Top of DATA BELOW
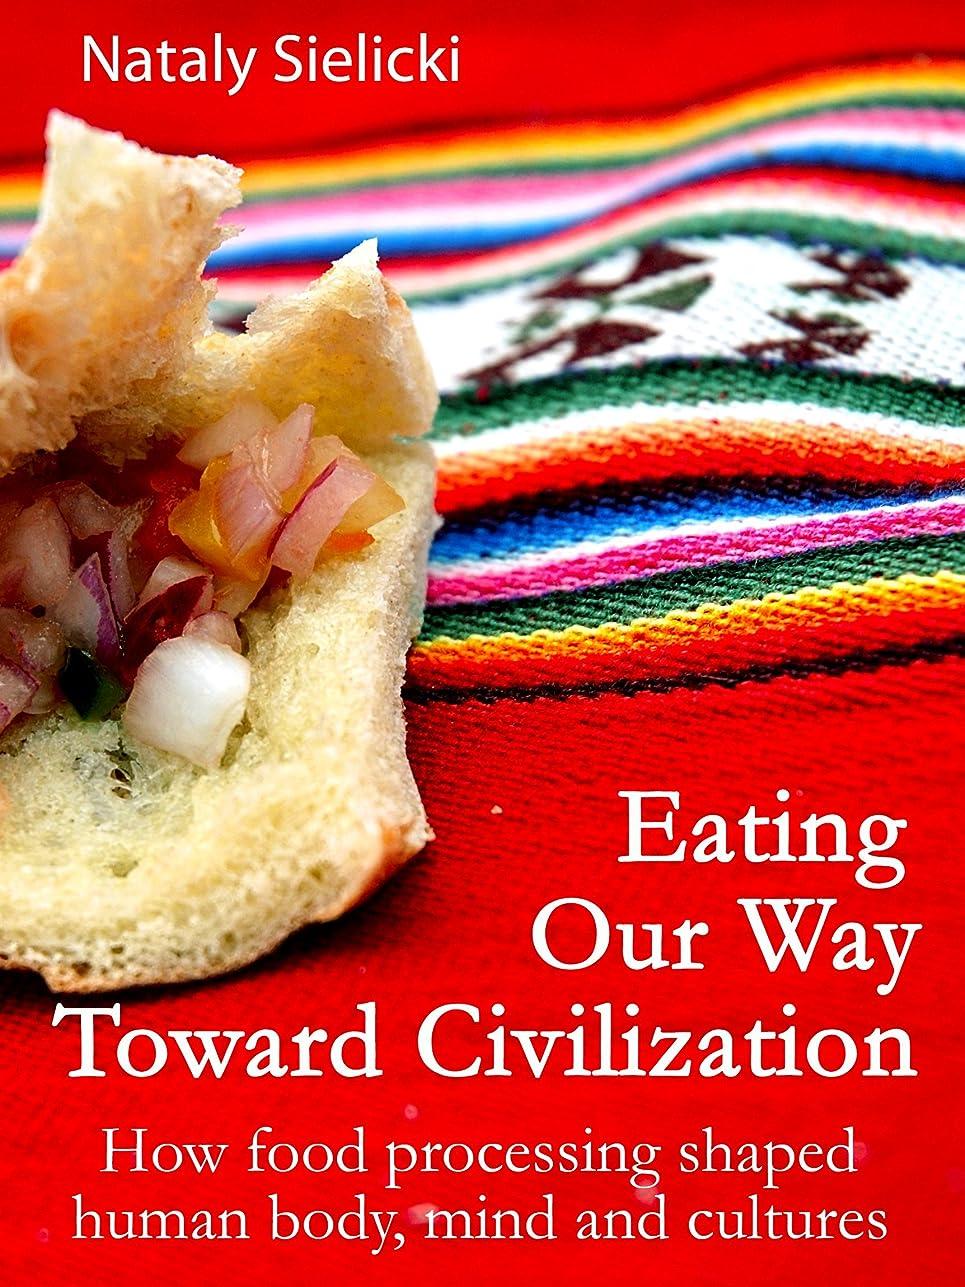 雪の既婚降ろすEating Our Way Toward Civilization: How food processing shaped human body, mind and cultures (Sielicki's Singles) (English Edition)
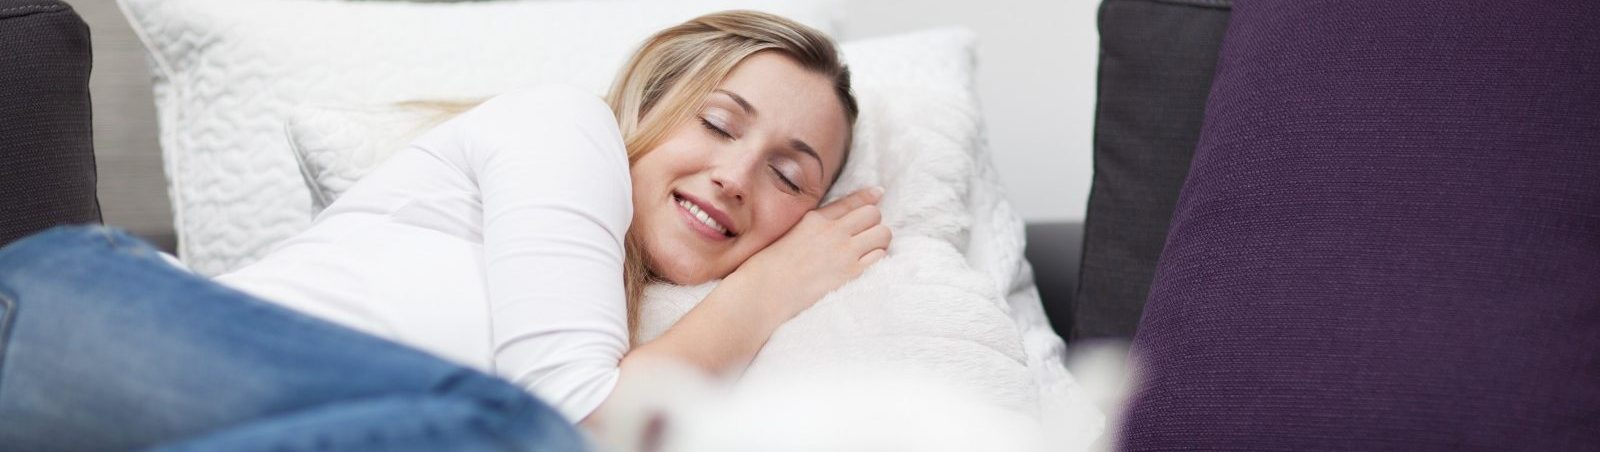 Frau im Bett genießt die Fernwärmeversorgung
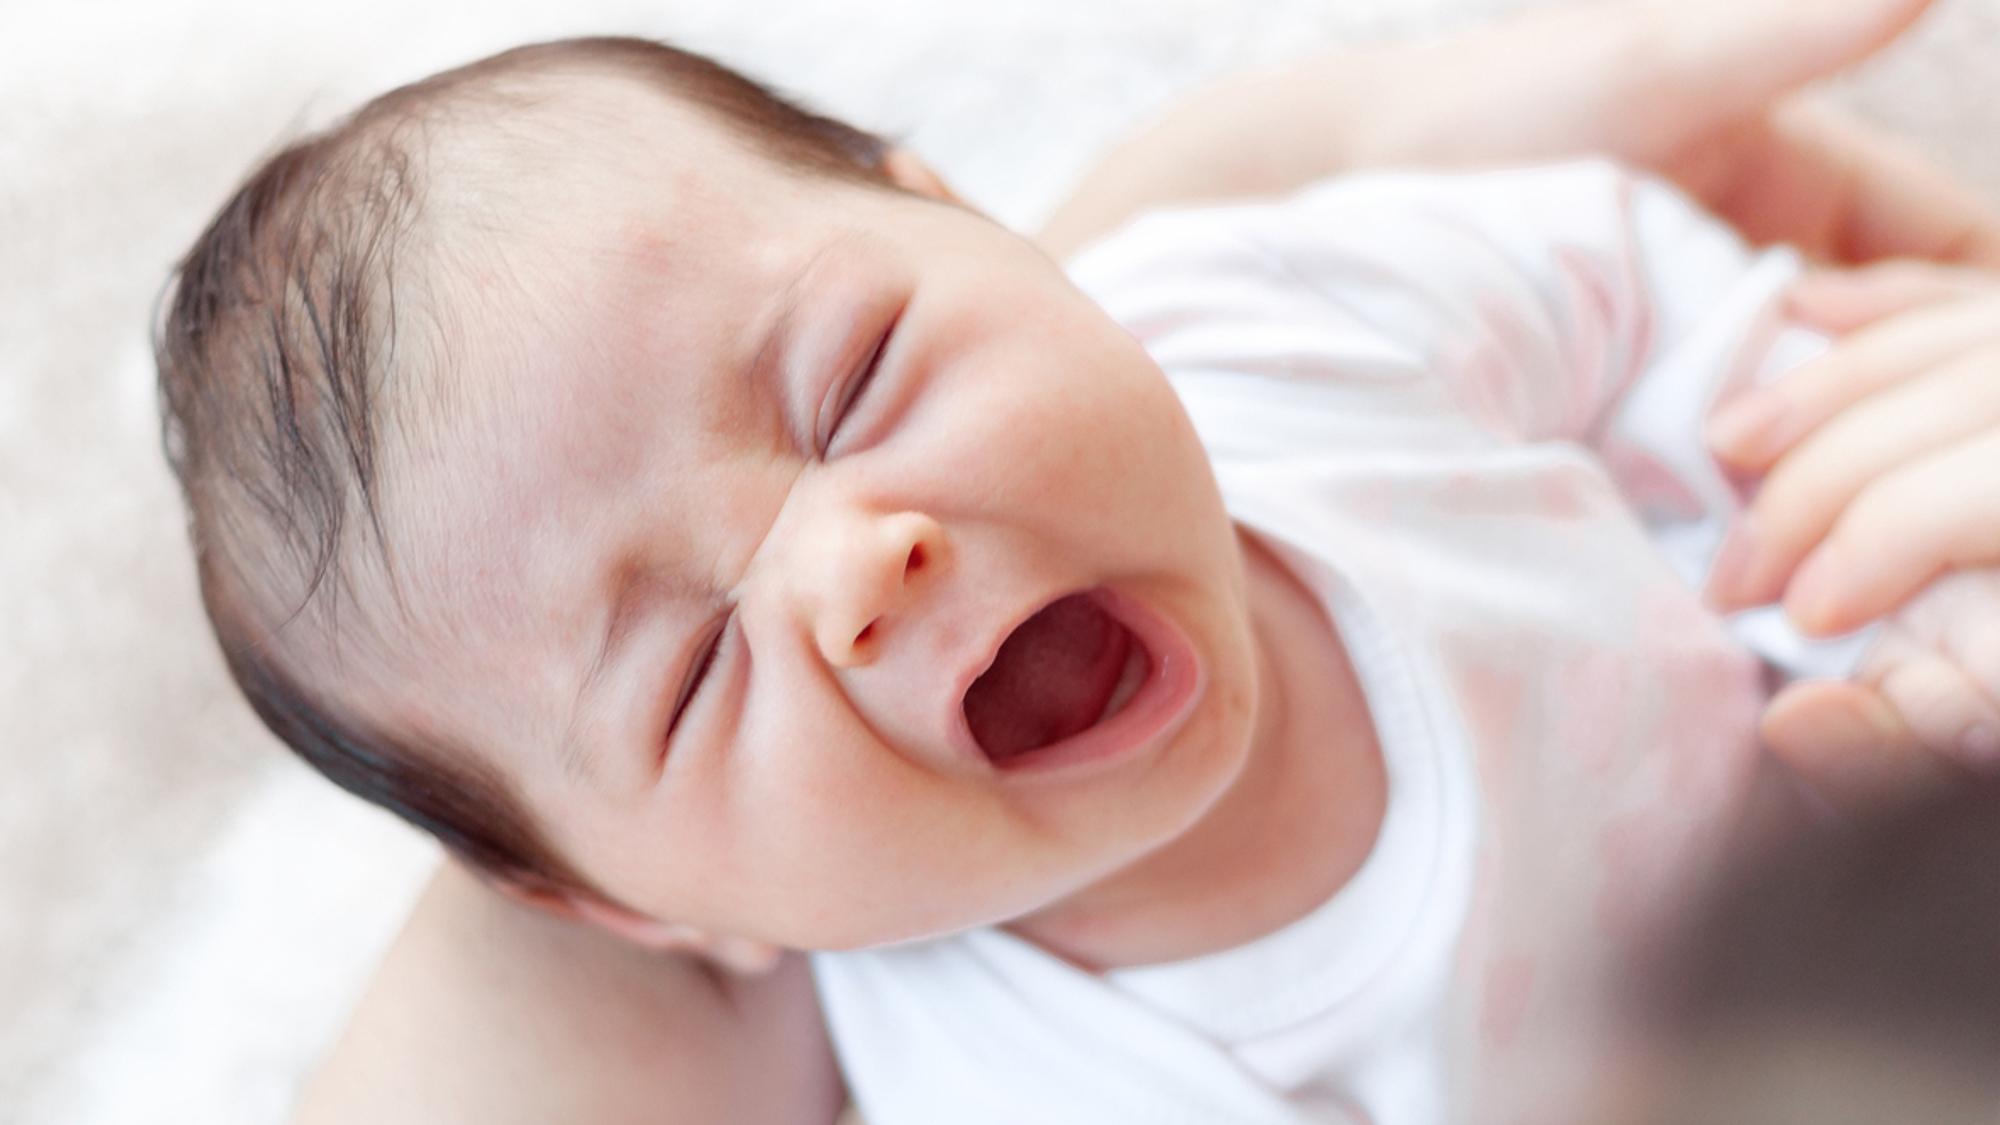 Das Erste Bewusste Lacheln In Dieser Woche Kann Es Soweit Sein
Bottom of DATA BELOW
When you retype the listing, keep every line exactly as it is and drop the pictures.

■ RESPONSE TO THE EXERCISE:
 雪の既婚降ろすEating Our Way Toward Civilization: How food processing shaped human body, mind and cultures (Sielicki's Singles) (English Edition)
 Frau im Bett genießt die Fernwärmeversorgung
 Das Erste Bewusste Lacheln In Dieser Woche Kann Es Soweit Sein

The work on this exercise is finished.